▶ [Given information]:

--- START ---

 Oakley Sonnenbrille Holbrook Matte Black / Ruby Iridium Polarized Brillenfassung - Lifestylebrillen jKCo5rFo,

--- END ---
--- START ---

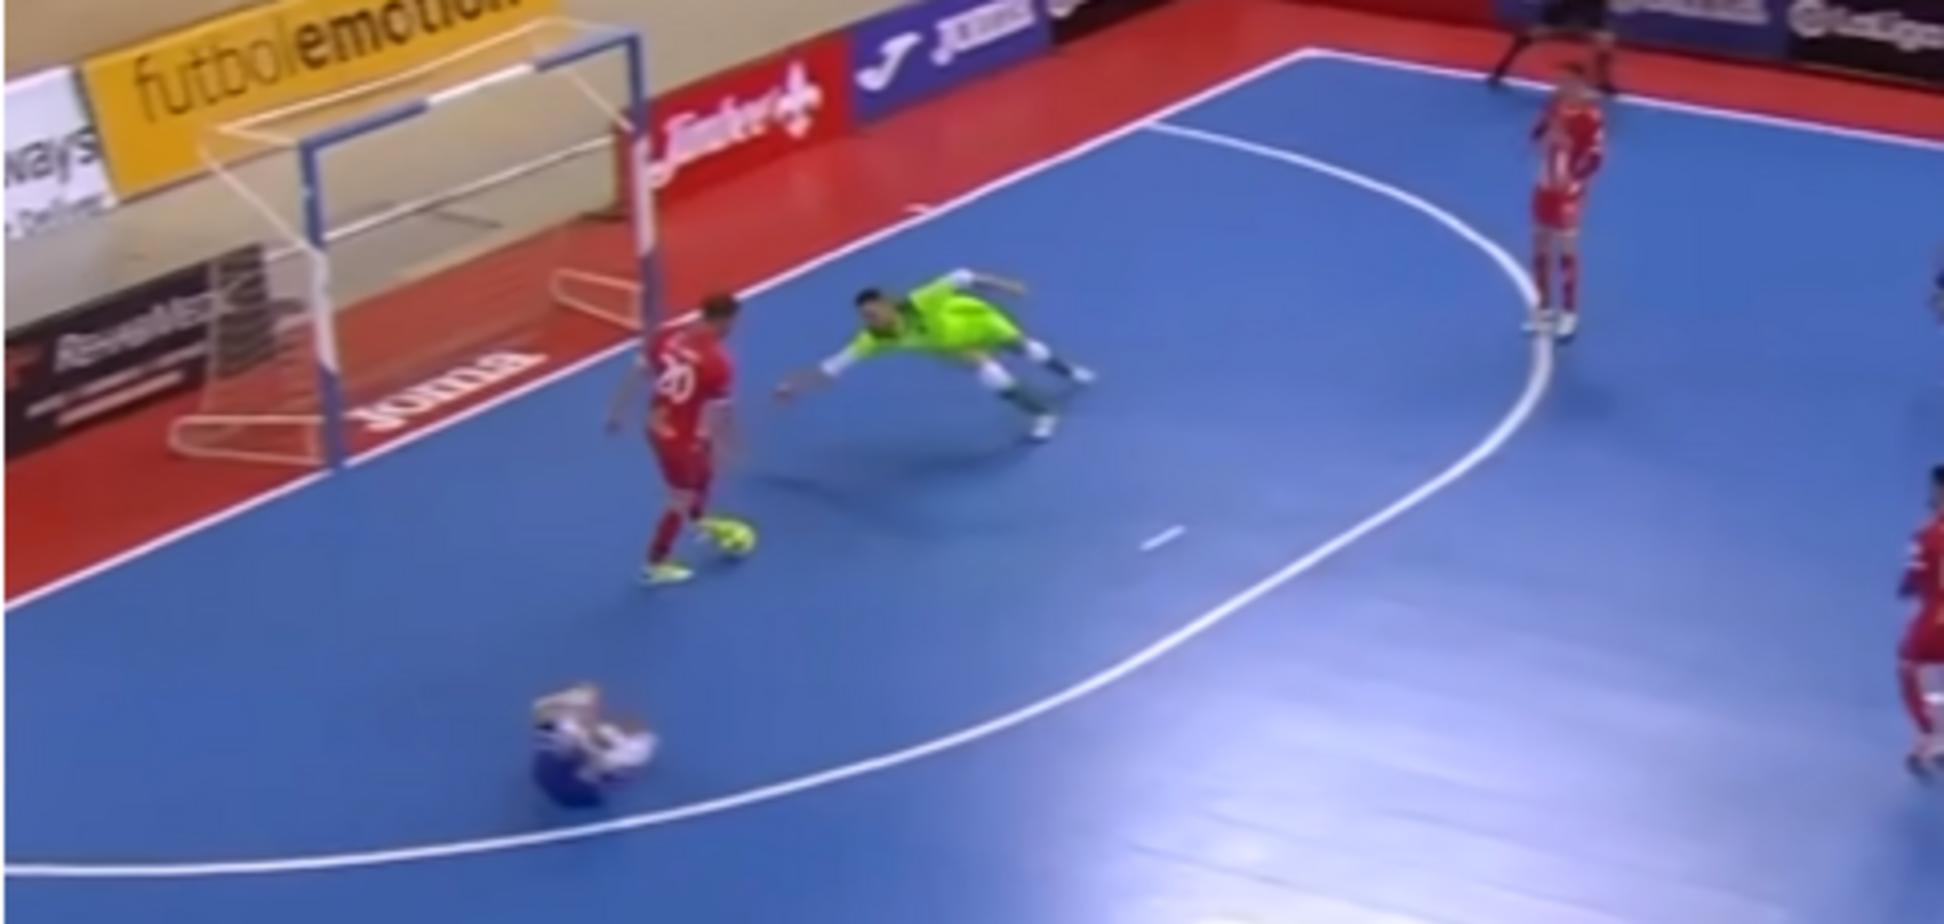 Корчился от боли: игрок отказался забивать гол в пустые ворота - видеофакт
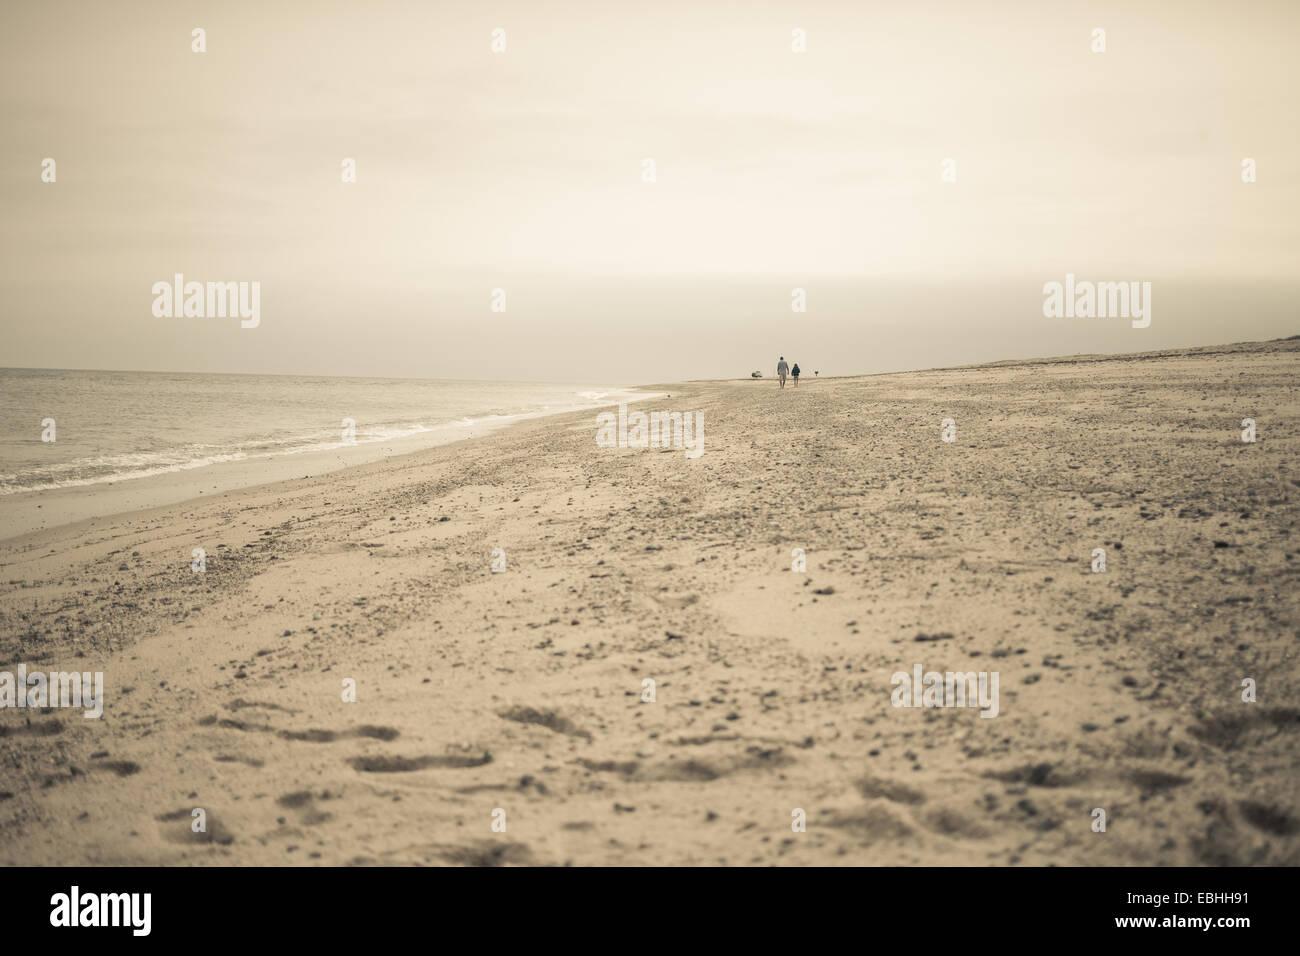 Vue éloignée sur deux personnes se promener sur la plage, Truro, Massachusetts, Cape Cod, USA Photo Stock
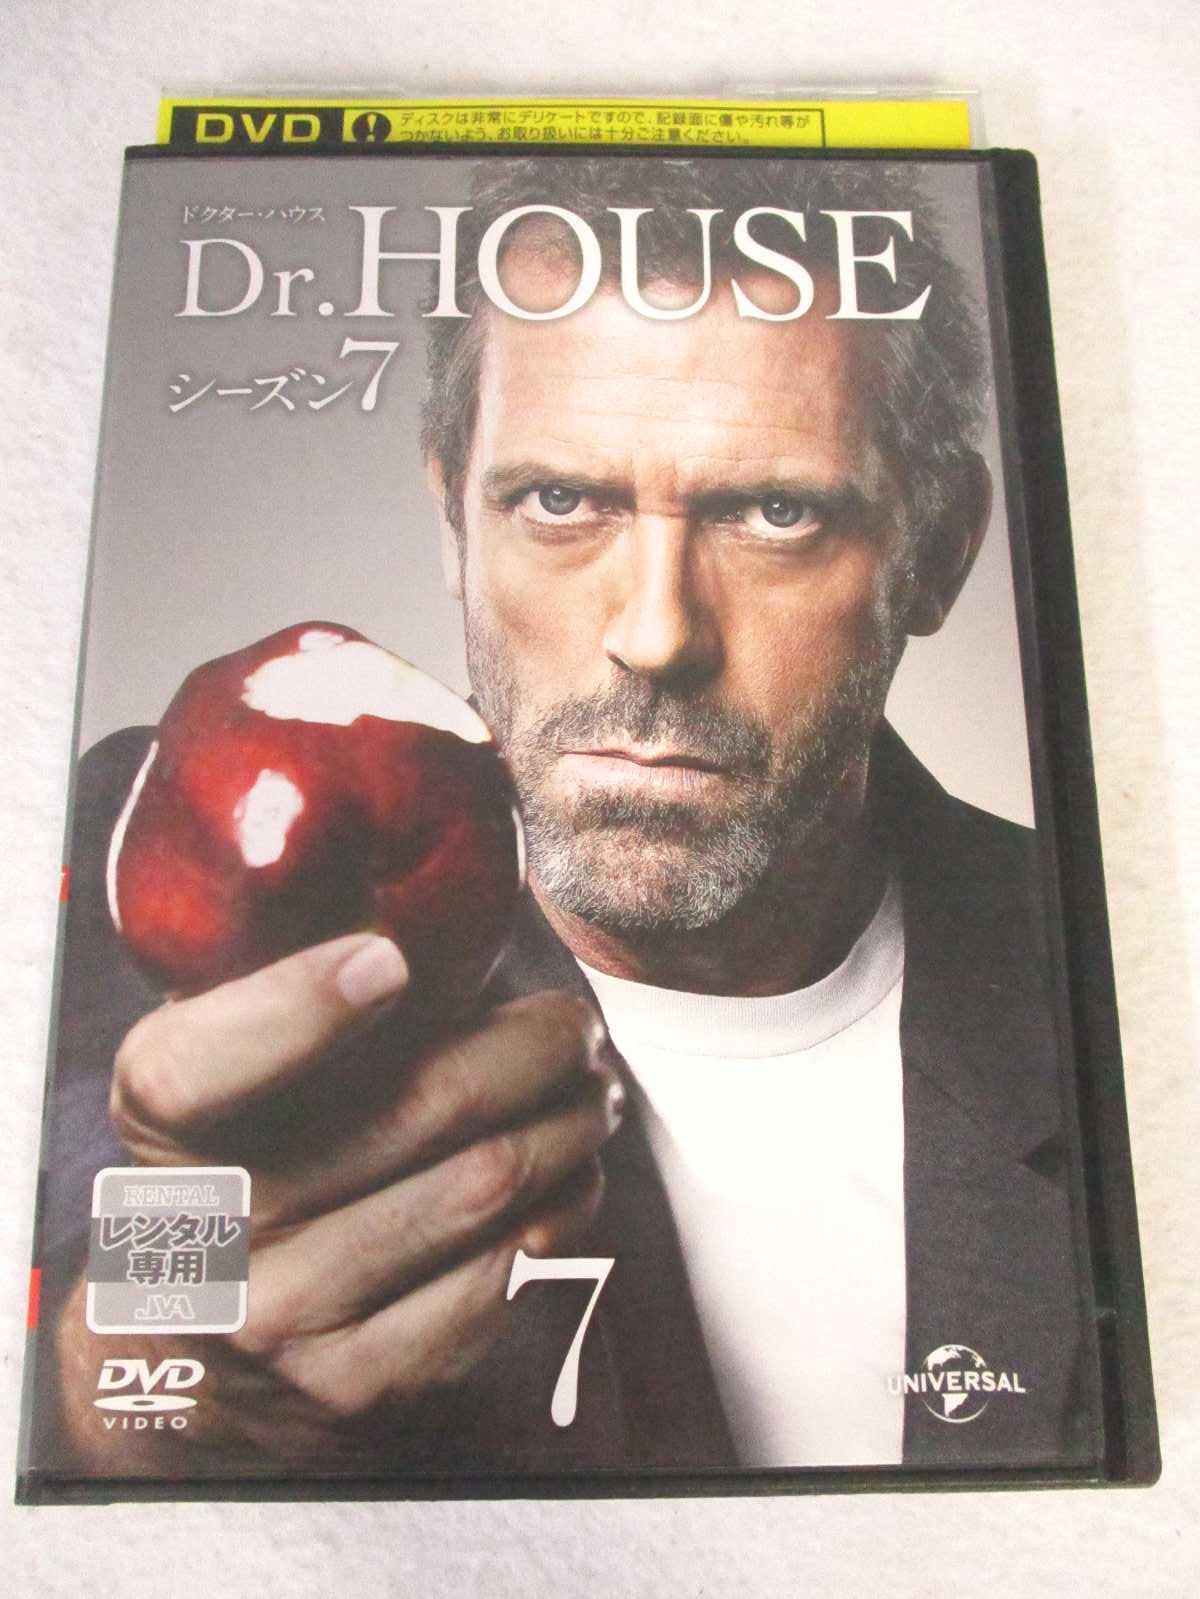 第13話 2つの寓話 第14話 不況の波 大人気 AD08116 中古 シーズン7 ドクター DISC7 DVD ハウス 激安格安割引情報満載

--- END ---

▶ [What is being asked]: Could the stretch from the line with "Корчился от боли: игрок" through the line with "第13話 2つの寓話 第14話" in the listing above be restated word for word, minus the pictures?

▶ [Response box]:
 Корчился от боли: игрок отказался забивать гол в пустые ворота - видеофакт
 Vue éloignée sur deux personnes se promener sur la plage, Truro, Massachusetts, Cape Cod, USA Photo Stock
 第13話 2つの寓話 第14話 不況の波 大人気 AD08116 中古 シーズン7 ドクター DISC7 DVD ハウス 激安格安割引情報満載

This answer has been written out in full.